The turn-based combat system is structured in a very simple way. Each character has a certain number of action points. These can be worn to activate abilities, ranging from magic to trick shots, or to move, with a visual indicator that indicates where you can get with the action points currently available. There are not resources, such as mana, and bullets are infinite even if the magazine is empty and must be recharged by spending an action point.
During the action, the characters can kneel and can take advantage of some roofs to reduce the rate of being hit by opponents. But the cover system is very limited, the fire reagent is limited to a single counter and automatic, there are not options of stealth. Shadowrun Returns can not compete with the major representatives of the genre RPG like Fallout or Arcanum or Baldur's Gate. However dialogues and skill work well, the atmosphere is great and the campaign is fun. A good title.
Not bad, not excellent, just right.OMGmyFACE | Feb. 5, 2014 | See all OMGmyFACE's reviews »
I like to give scores to reviews that reflect how much in terms of percentage I feel the game is worth. 79% is about right. It's way better than the Vista FPS (which I still harbor great resentment towards since it was announced days before I got to pitch a better version at PAX - yes I'm mad!) but I felt it was inferior to the Genesis and SNES titles from way back. While the style of the gameplay harkens back to the old-school with its isometric strategy RPG system, it also suffers from quite a bit of "modern game design." There are a few cons to the pros but they're worth mentioning if you're thinking about tossing $20 at this.
- Aside from the cheesy dialogue that befalls the typical video game protagonist (choice A: bravado, choice B: snarky condescension, choice C: heroic promise, choice D: Malkavian), your character doesn't actually have to do anything if you're good enough at controlling the rest of your party.

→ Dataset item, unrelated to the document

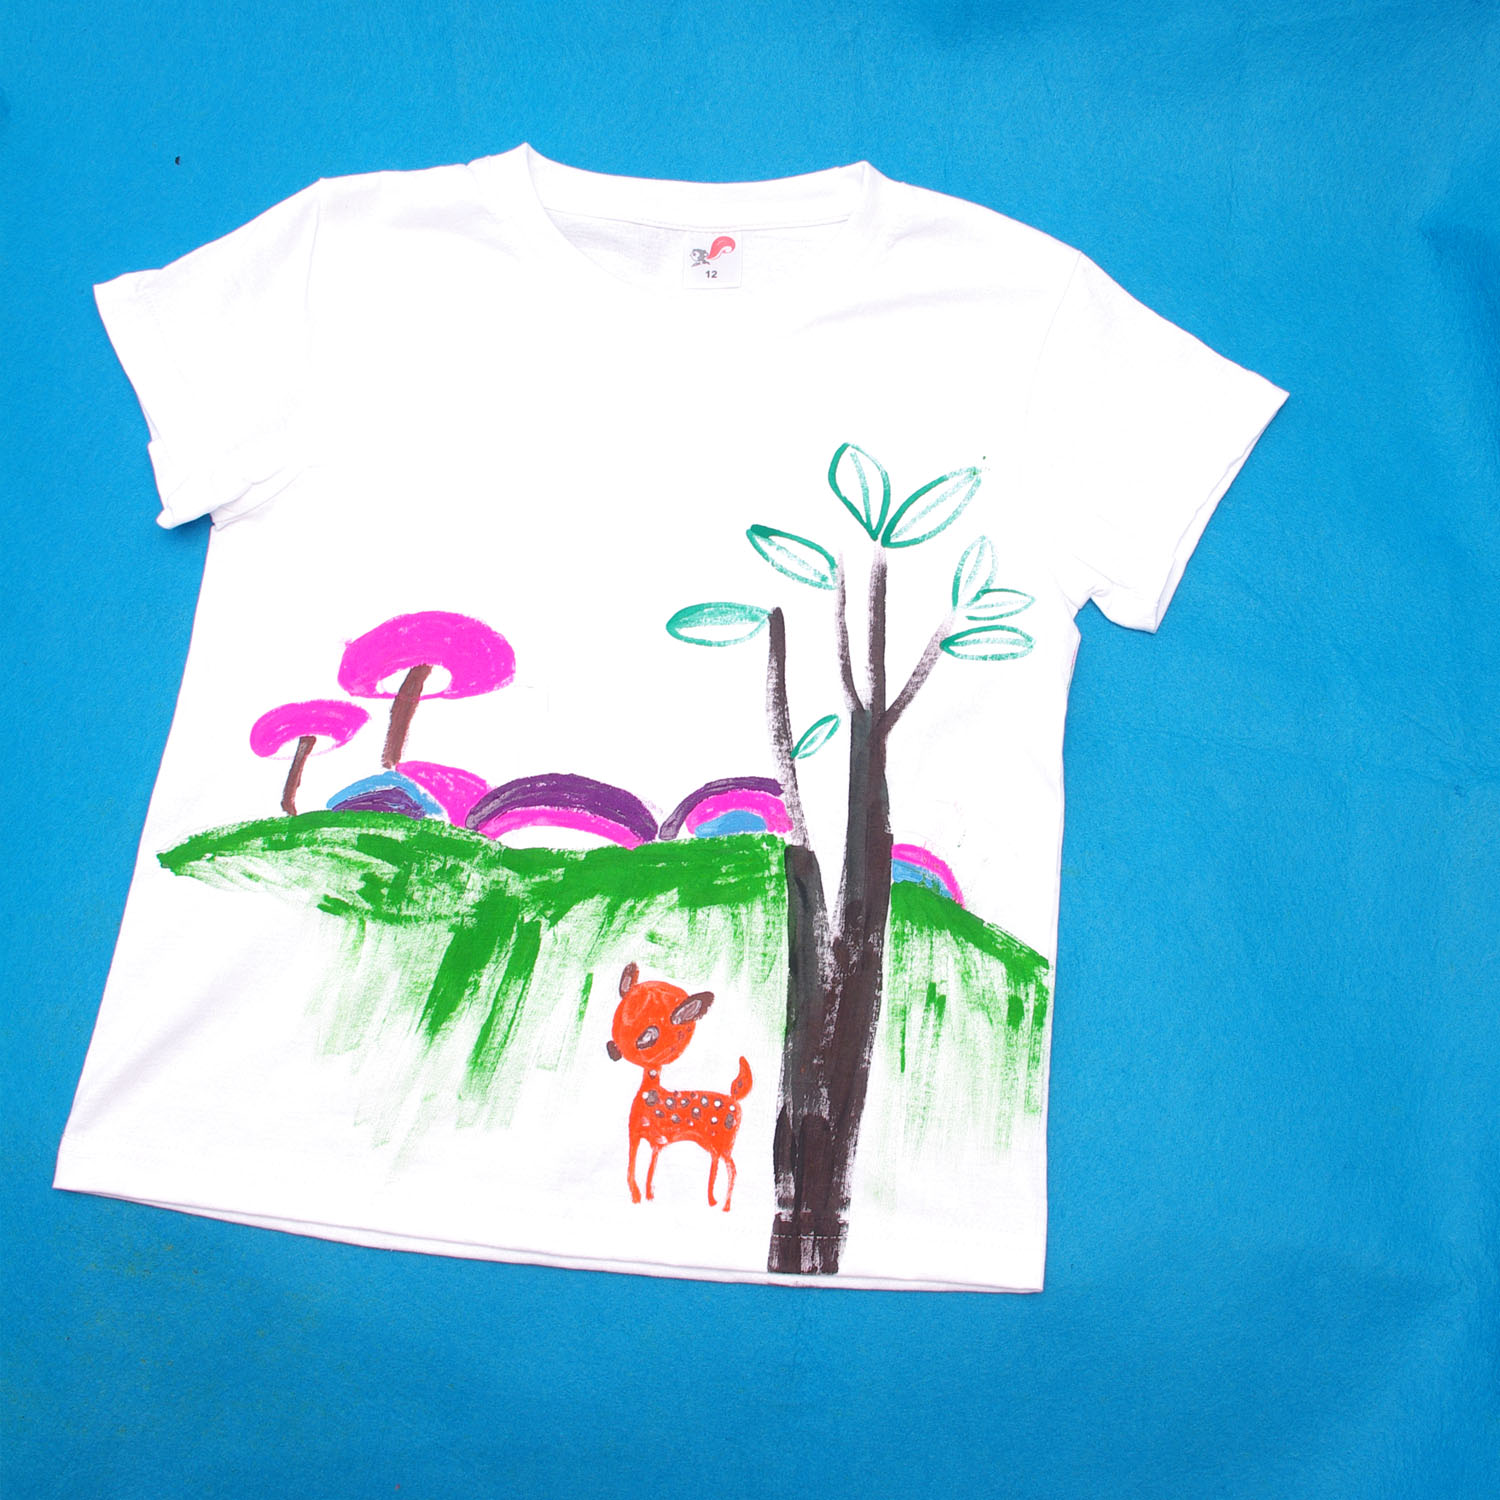 儿童手绘白色t恤衫幼儿园手工diy涂色涂鸦绘画空白纯棉加厚文化衫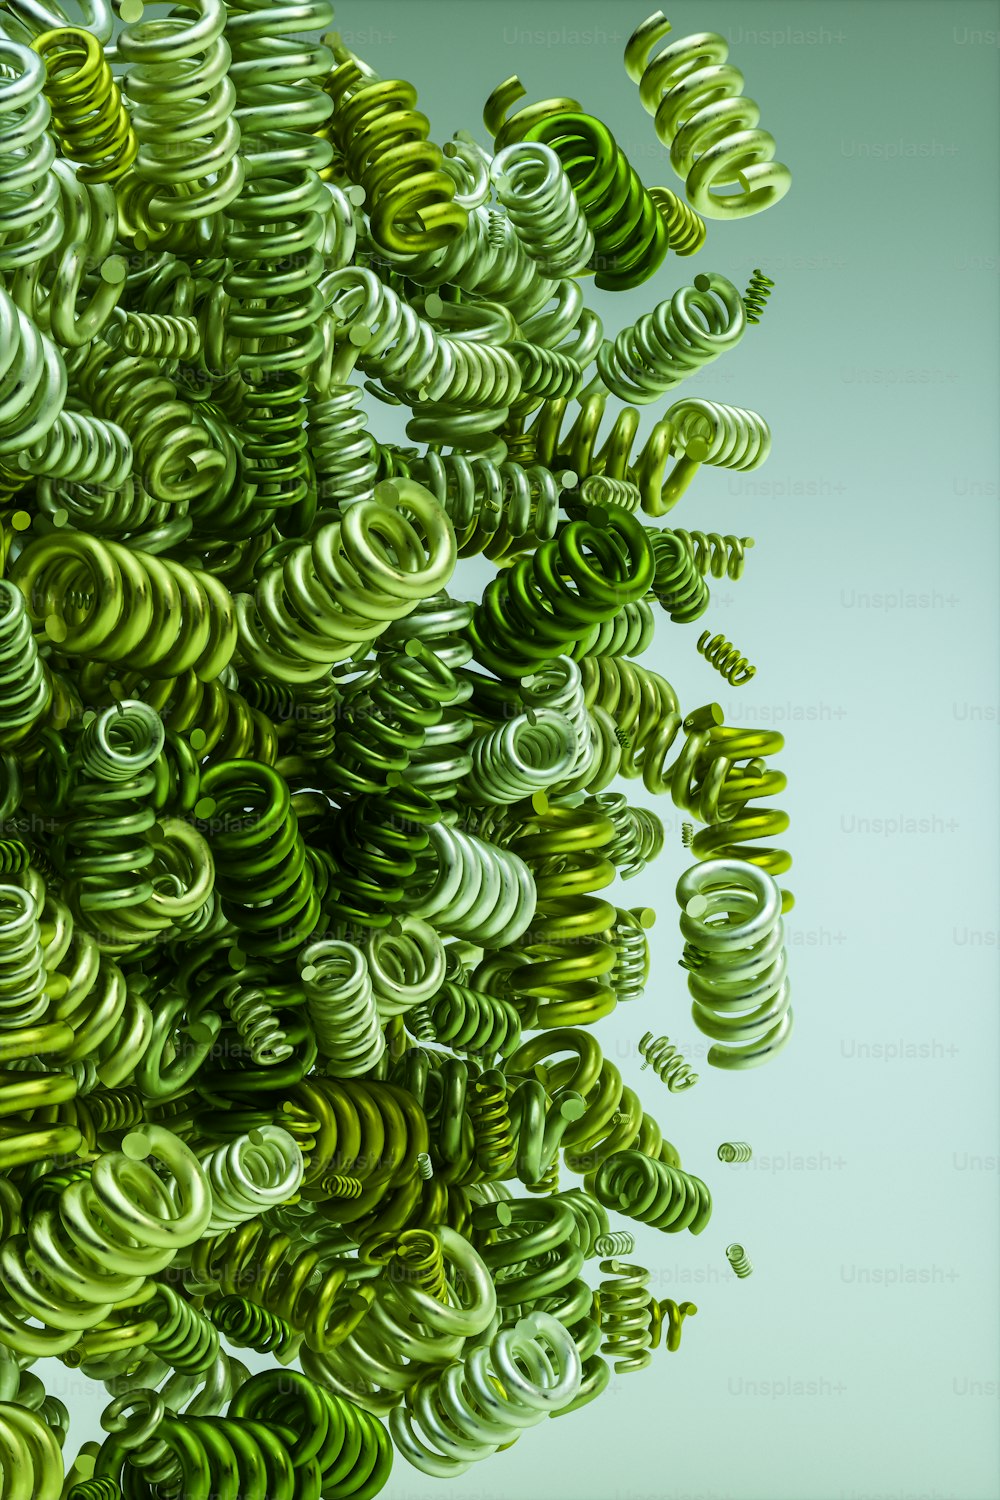 Ein Haufen grüner Spiralen, die in der Luft schweben

Makes it less of an RPG and more of a PG.
2a. The autosave feature they're proud of is not something you're going to enjoy as it saves between scene changes only - forcing you to keep whatever terrible choices or equipment you've got at the time, which could be justified as "challenging but not unfair" if it weren't for the fact that you can't prepare for them at all. Once you're done with a battle, it's either immediately into the next one or you're in a story node.
2b. Those autosaves stay on your computer forever, even when you're past the point of being able to load them, which will clog up an invisible temp folder on your boot drive if you don't check on it.
- The campaign creator is the reason the game is more than $15 because the story they put in was way short. 10 hours. Maybe more if you're playing with a Decker, which the main campaign isn't suited for because guns and fireballs rule all even in the cyber age. If you don't see yourself dabbling with the creator for too long, maybe wait for a sale.
All that said, if you're still interested, by all means try it out. It's rare we get a high-falutin' cyberpunk RPG experience with all the grit and freon glow you want out of a game that bears the Shadowrun name.